Instructions for the task: Output the data below only from the line containing "Photo of 2727" up to and including the line containing "Mass effect n7", exact and with the pictures left out.

Given information:

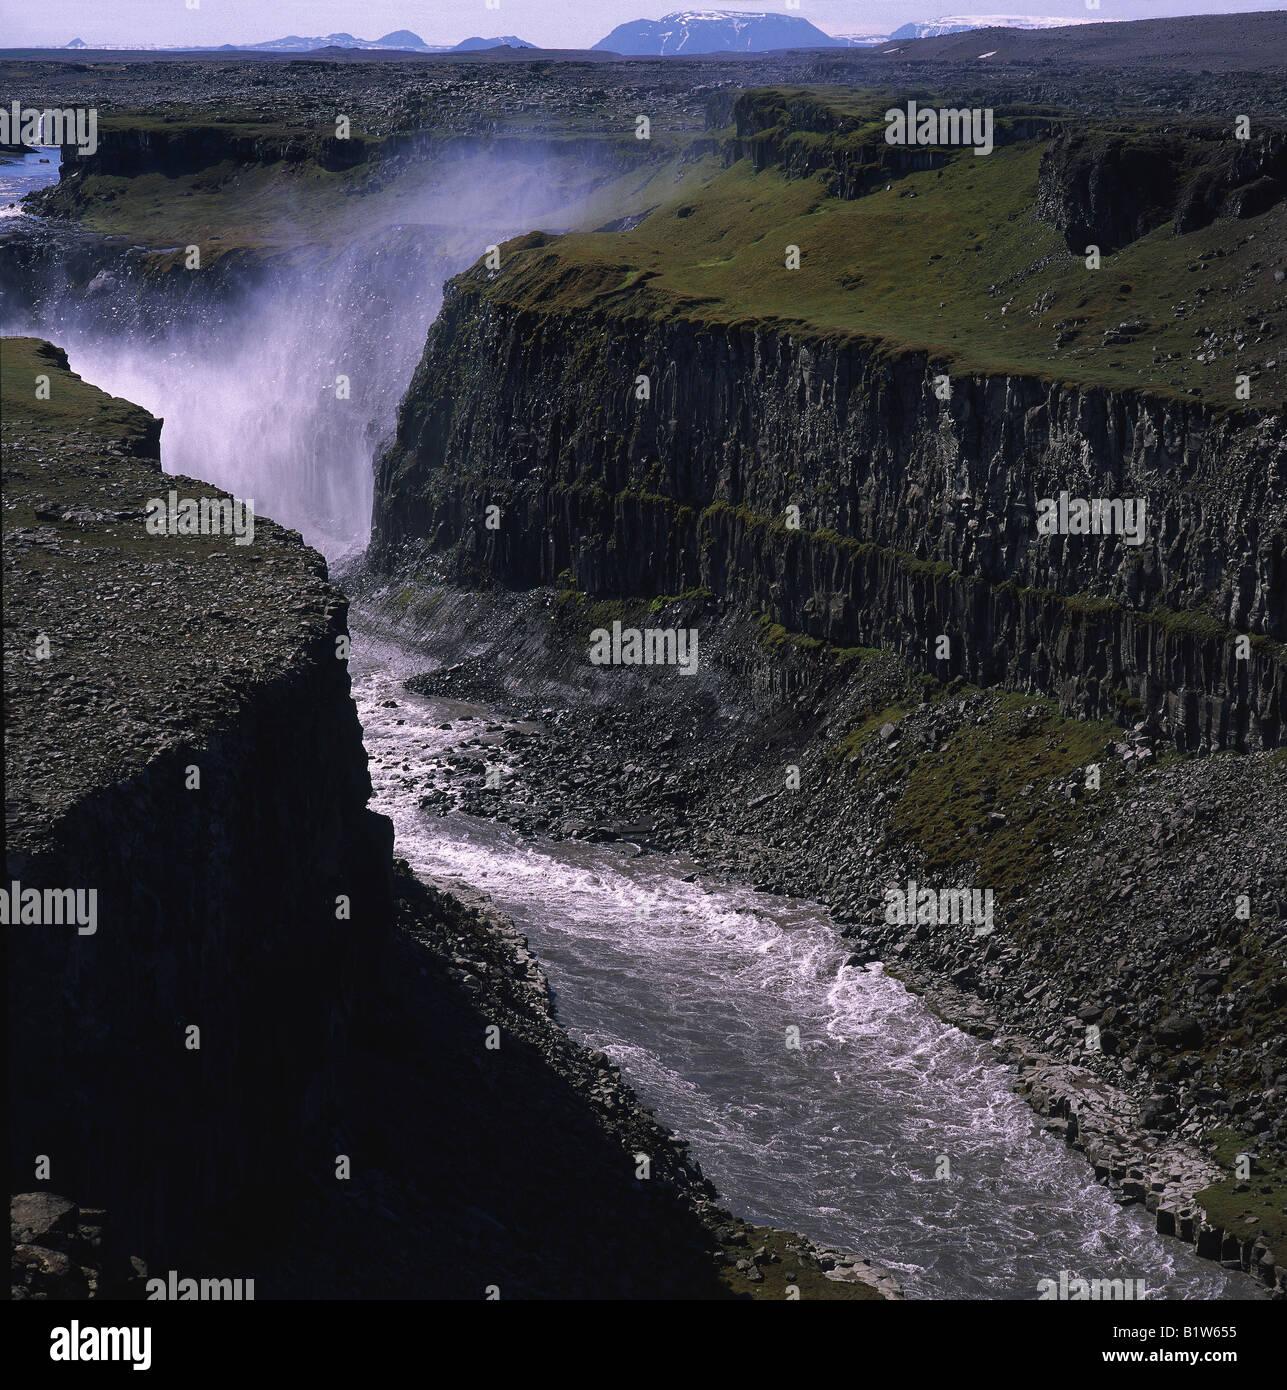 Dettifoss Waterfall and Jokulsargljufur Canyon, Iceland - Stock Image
* * *
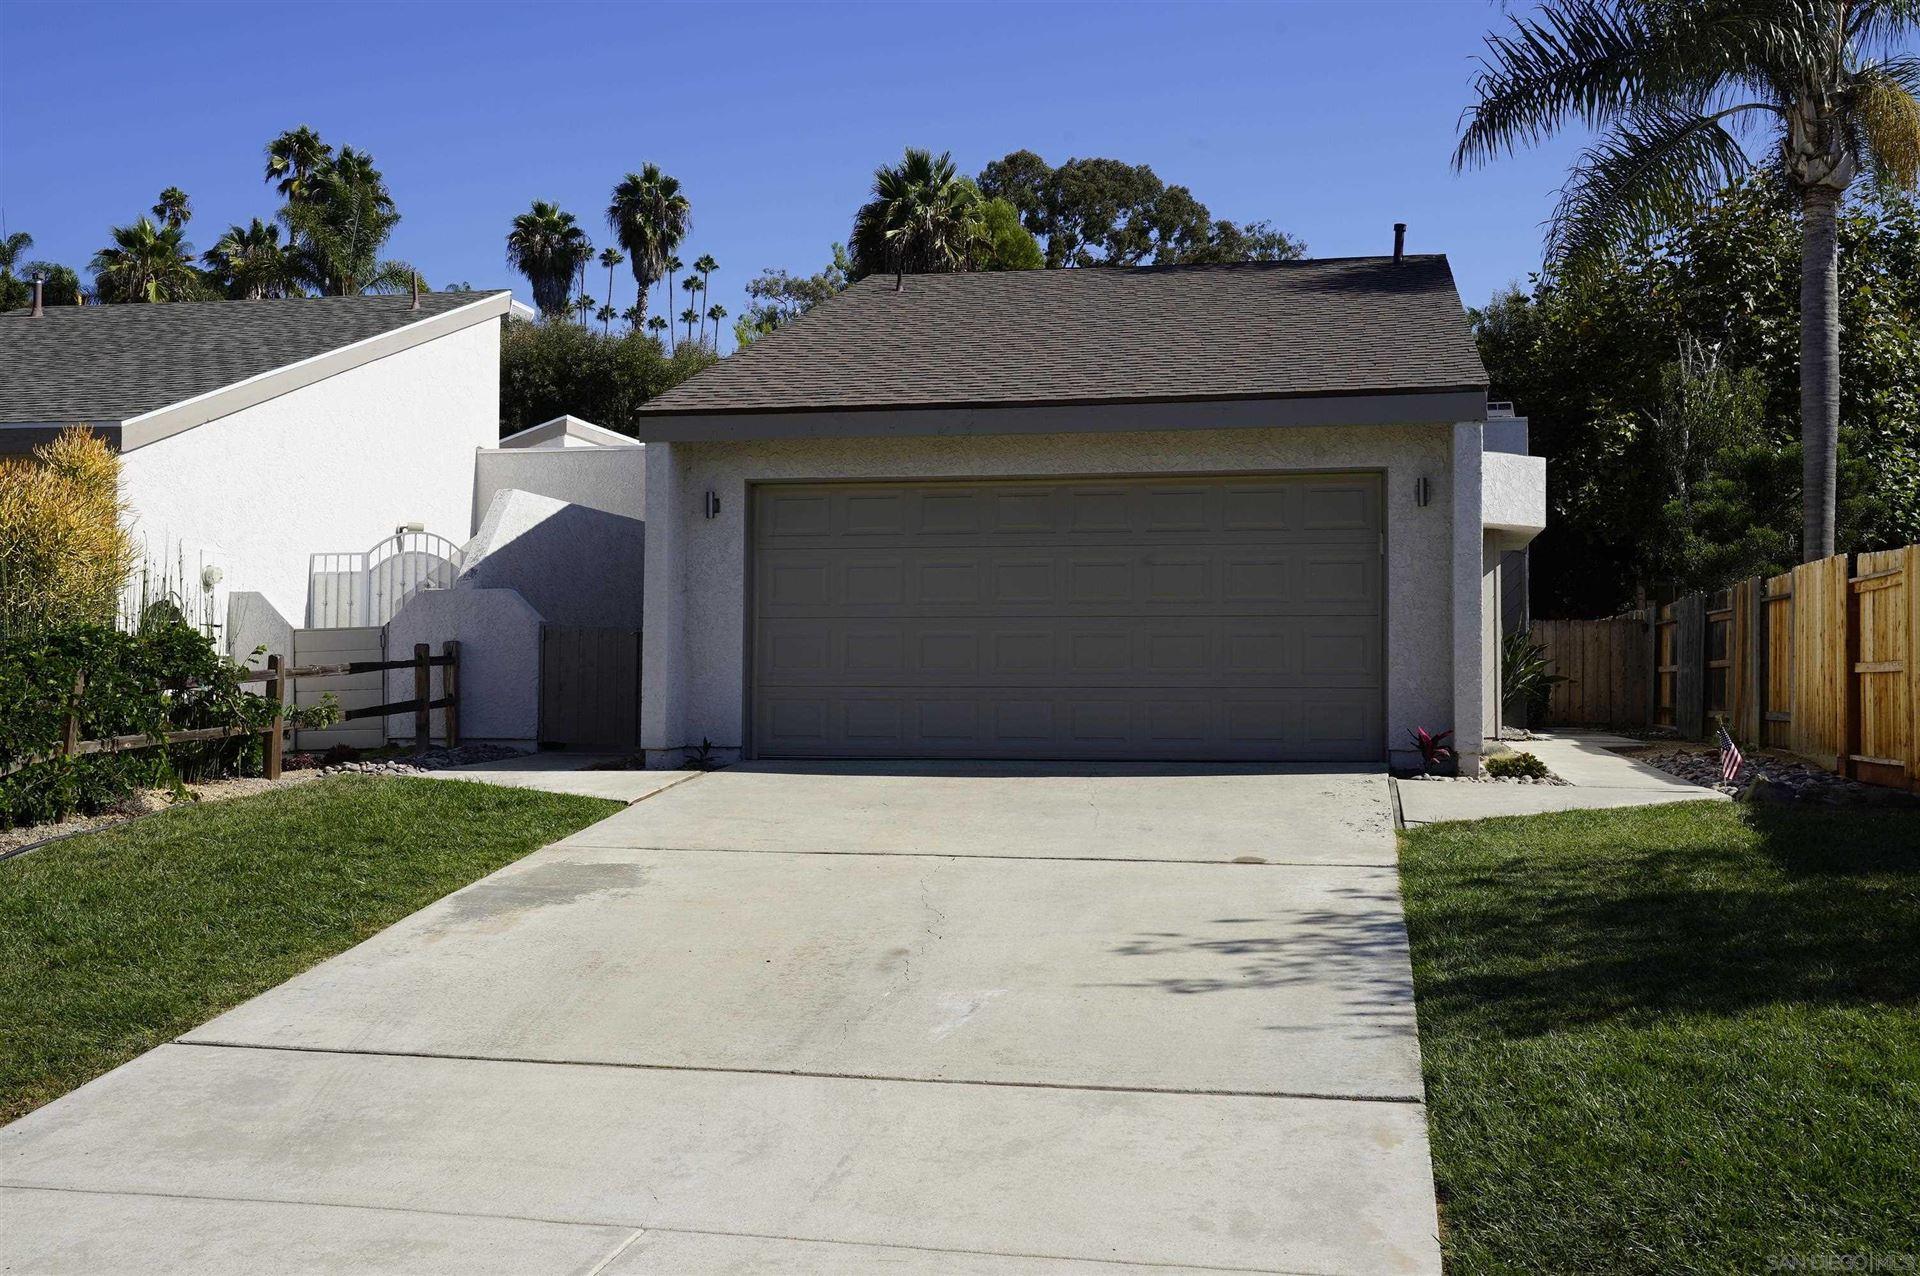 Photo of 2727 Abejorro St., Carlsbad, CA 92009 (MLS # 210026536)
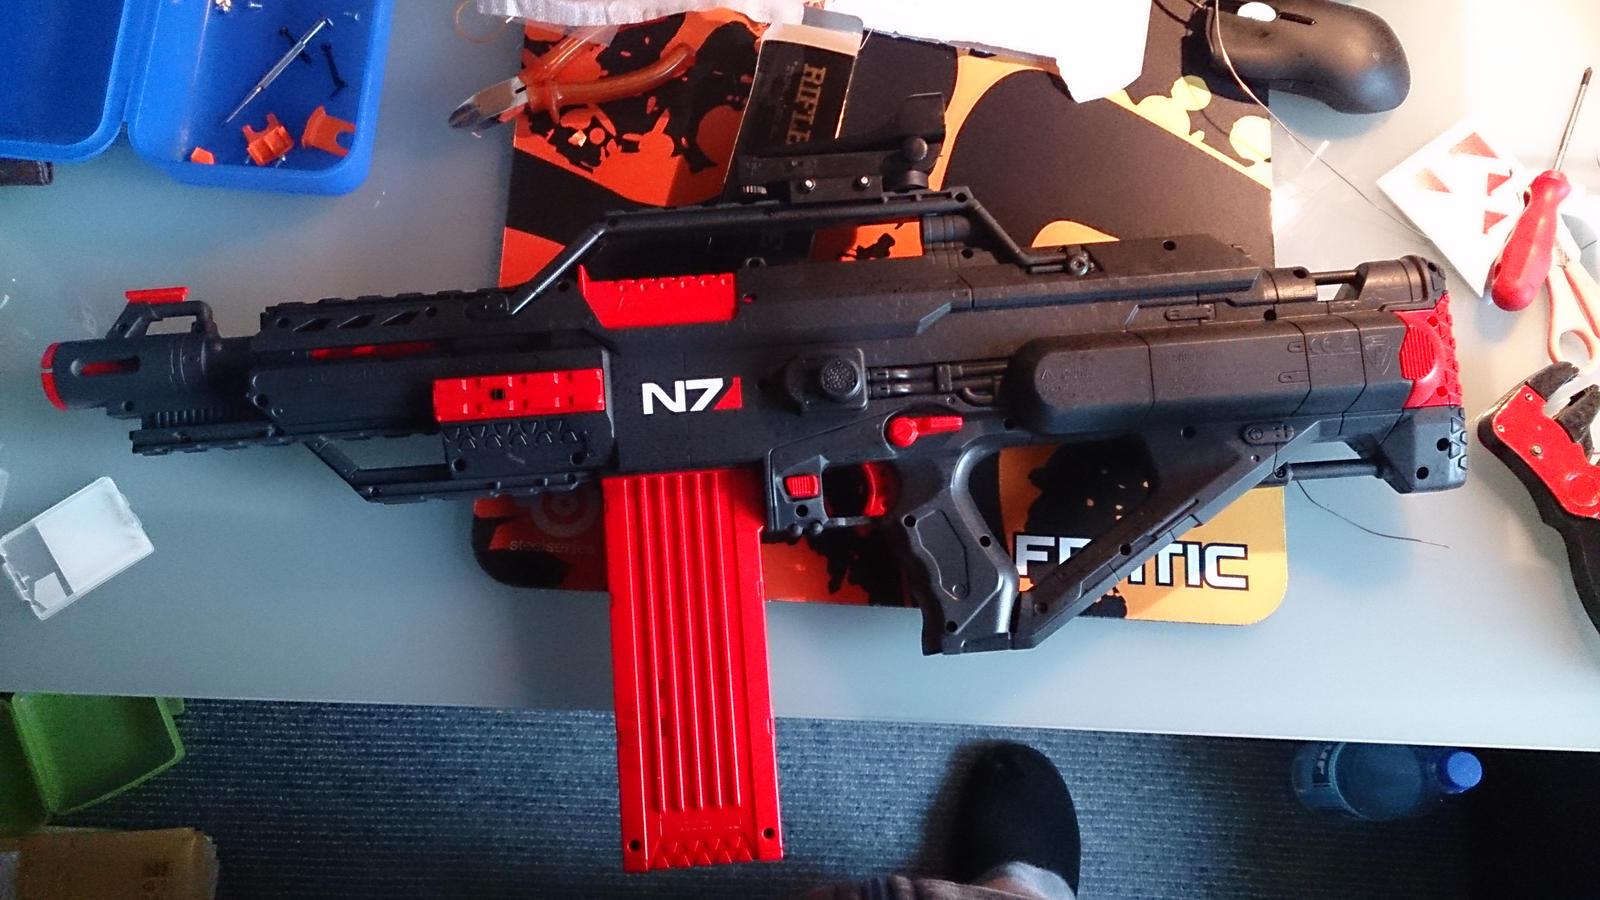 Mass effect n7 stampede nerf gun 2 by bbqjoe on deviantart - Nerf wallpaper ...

Completed task:
 Photo of 2727 Abejorro St., Carlsbad, CA 92009 (MLS # 210026536)
 Mass effect n7 stampede nerf gun 2 by bbqjoe on deviantart - Nerf wallpaper ...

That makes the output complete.